Your message dated Fri, 27 Feb 2026 21:17:17 +0000
with message-id <[email protected]>
and subject line Bug#1126914: fixed in python-django 3:4.2.28-0+deb13u1
has caused the Debian Bug report #1126914,
regarding python-django: CVE-2025-13473 CVE-2025-14550 CVE-2026-1207
CVE-2026-1285 CVE-2026-1287 CVE-2026-1312
to be marked as done.
This means that you claim that the problem has been dealt with.
If this is not the case it is now your responsibility to reopen the
Bug report if necessary, and/or fix the problem forthwith.

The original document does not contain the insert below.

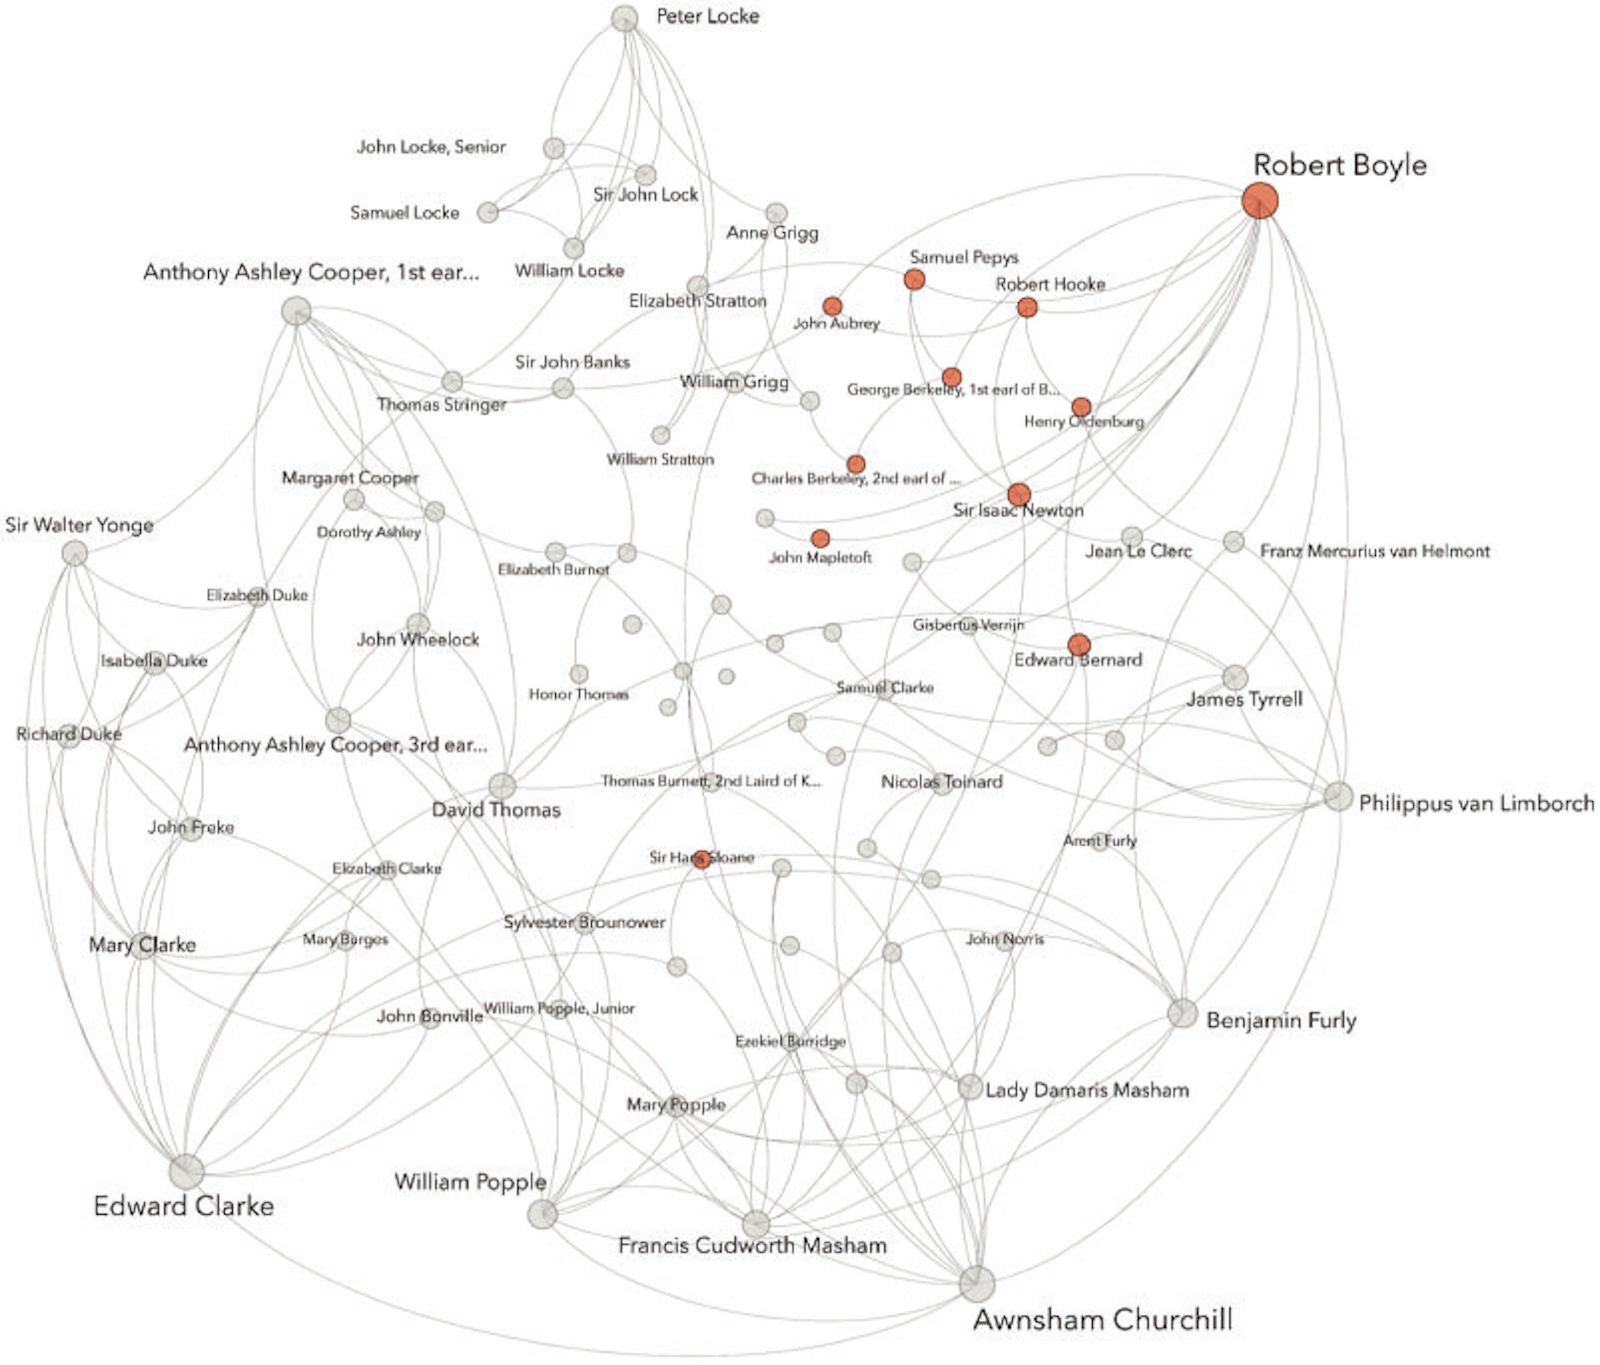 Network diagram of philosophers and scientists with robert boyle as a central node, connected by lines representing relationships and influence, labeled with various names.
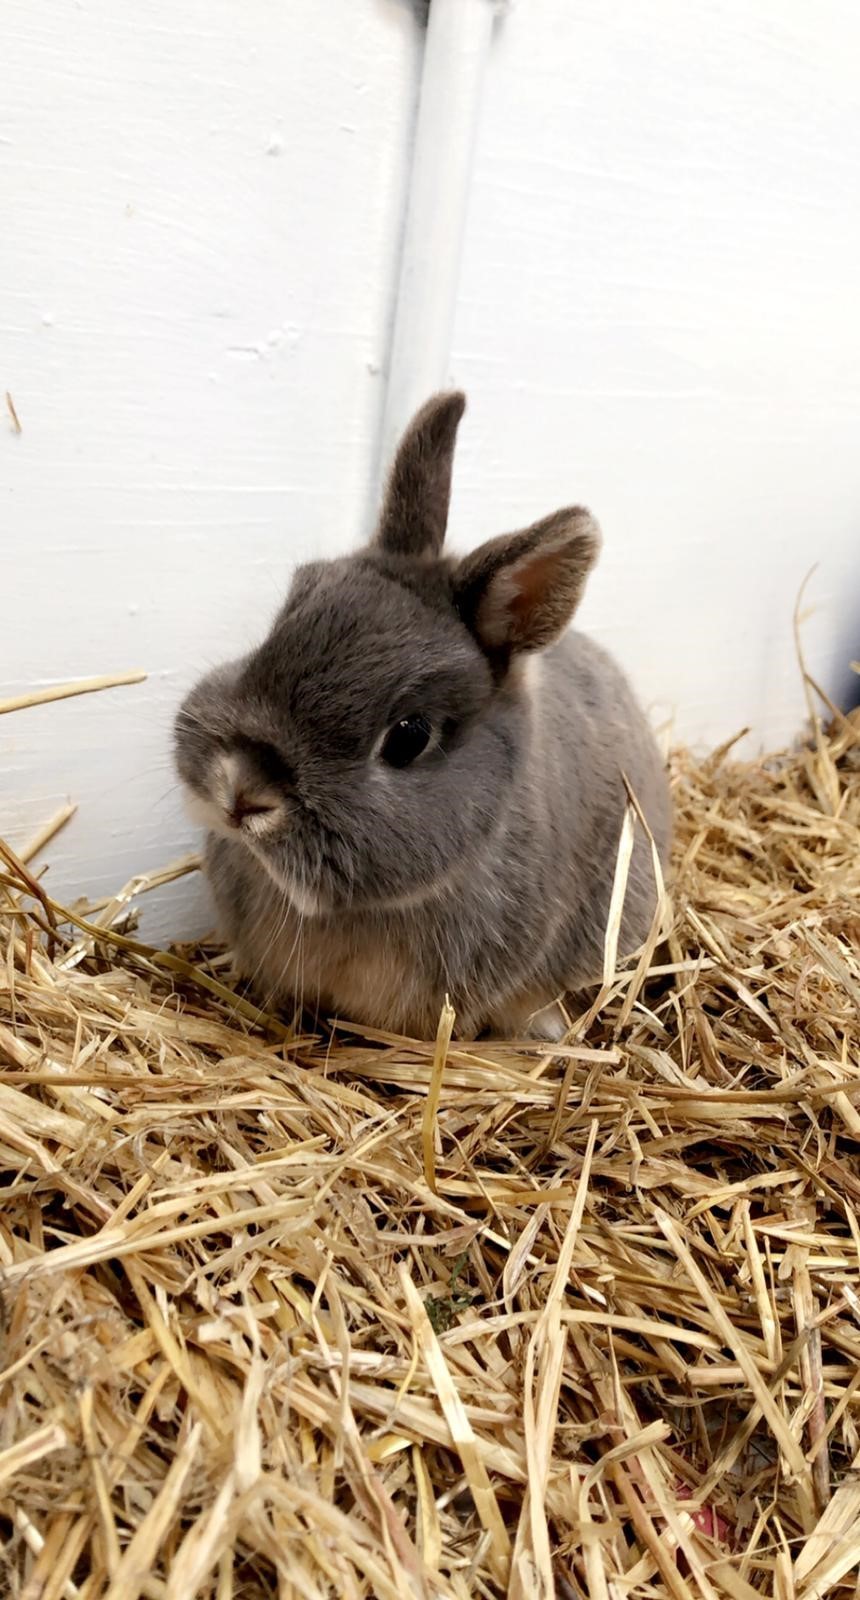 The Netherland dwarf rabbit is looking for a home with a female friend

(NB: If you are a system administrator and have no idea what this
message is talking about, this may indicate a serious mail system
misconfiguration somewhere. Please contact [email protected]
immediately.)
--
1126914: https://bugs.debian.org/cgi-bin/bugreport.cgi?bug=1126914
Debian Bug Tracking System
Contact [email protected] with problems
--- Begin Message ---
Source: python-django
Version: 3:4.2.27-2
Severity: grave
Tags: security upstream
Justification: user security hole
X-Debbugs-Cc: [email protected], Debian Security Team <[email protected]>
Control: found -1 3:4.2.27-0+deb13u1
Hi,
The following vulnerabilities were published for python-django.
CVE-2025-13473[0]:
| An issue was discovered in 6.0 before 6.0.2, 5.2 before 5.2.11, and
| 4.2 before 4.2.28. The
| `django.contrib.auth.handlers.modwsgi.check_password()` function for
| authentication via `mod_wsgi` allows remote attackers to enumerate
| users via a timing attack. Earlier, unsupported Django series (such
| as 5.0.x, 4.1.x, and 3.2.x) were not evaluated and may also be
| affected. Django would like to thank Stackered for reporting this
| issue.
CVE-2025-14550[1]:
| An issue was discovered in 6.0 before 6.0.2, 5.2 before 5.2.11, and
| 4.2 before 4.2.28. `ASGIRequest` allows a remote attacker to cause a
| potential denial-of-service via a crafted request with multiple
| duplicate headers. Earlier, unsupported Django series (such as
| 5.0.x, 4.1.x, and 3.2.x) were not evaluated and may also be
| affected. Django would like to thank Jiyong Yang for reporting this
| issue.
CVE-2026-1207[2]:
| An issue was discovered in 6.0 before 6.0.2, 5.2 before 5.2.11, and
| 4.2 before 4.2.28. Raster lookups on ``RasterField`` (only
| implemented on PostGIS) allows remote attackers to inject SQL via
| the band index parameter. Earlier, unsupported Django series (such
| as 5.0.x, 4.1.x, and 3.2.x) were not evaluated and may also be
| affected. Django would like to thank Tarek Nakkouch for reporting
| this issue.
CVE-2026-1285[3]:
| An issue was discovered in 6.0 before 6.0.2, 5.2 before 5.2.11, and
| 4.2 before 4.2.28. `django.utils.text.Truncator.chars()` and
| `Truncator.words()` methods (with `html=True`) and the
| `truncatechars_html` and `truncatewords_html` template filters allow
| a remote attacker to cause a potential denial-of-service via crafted
| inputs containing a large number of unmatched HTML end tags.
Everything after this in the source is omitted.